For weather processing purpose, I am looking to retrieve automatically daily weather forecast data in Google Cloud Storage.
The files are available on public HTTP URL (http://dcpc-nwp.meteo.fr/openwis-user-portal/srv/en/main.home), but they are very large (between 30 and 300 Megabytes). Size of files is the main issue.

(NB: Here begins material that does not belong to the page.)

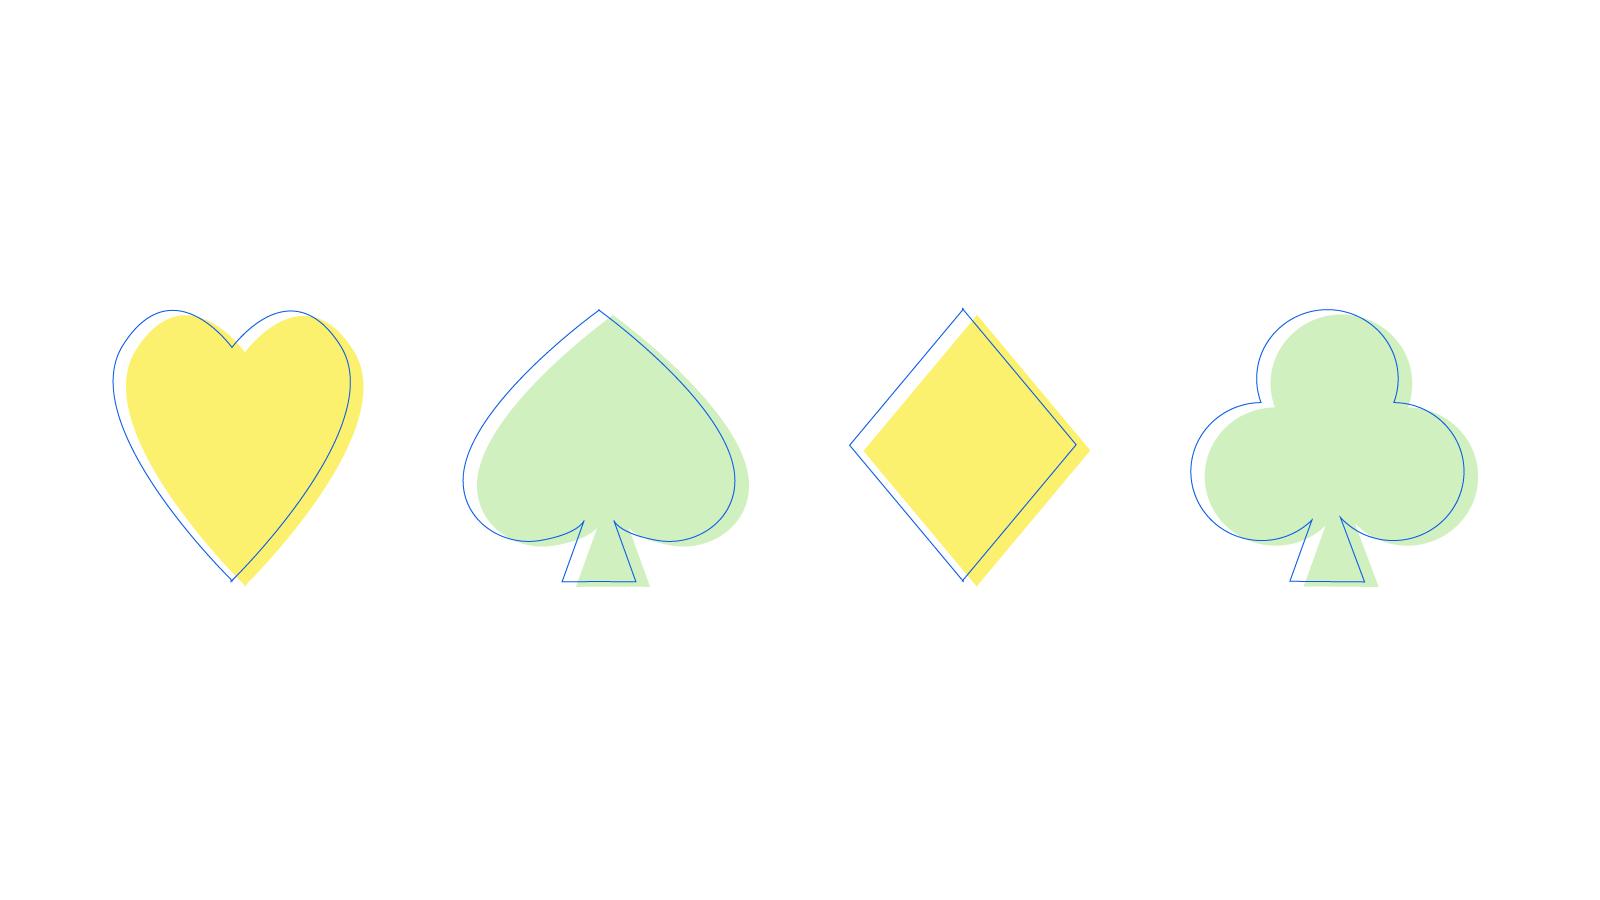 design2_1223.png

After looking at previous stackoverflow topics, I have tried two unsuccessful methods:
1/ First attempt via urlfetch in Google App Engine
from google.appengine.api import urlfetch url = "http://dcpc-nwp.meteo.fr/servic..." result = urlfetch.fetch(url) [...] # Code to save in a Google Cloud Storage bucket
But I get the following error message on the urlfetch line :
DeadlineExceededError: Deadline exceeded while waiting for HTTP response from URL
2/ Second attempt via the Cloud Storage Transfert Service
According to the documentation, it is possible to retrieve HTTP Data into Cloud Storage directly via the Cloud Storage Transfert Service : https://cloud.google.com/storage/transfer/reference/rest/v1/TransferSpec#httpdata
But it requires the size and md5 of the files before the download. This option cannot work in my case because the website does not provide those information.
3/ Any ideas ?
Do you see any solution to retrieve automatically large file on HTTP into my Cloud Storage bucket?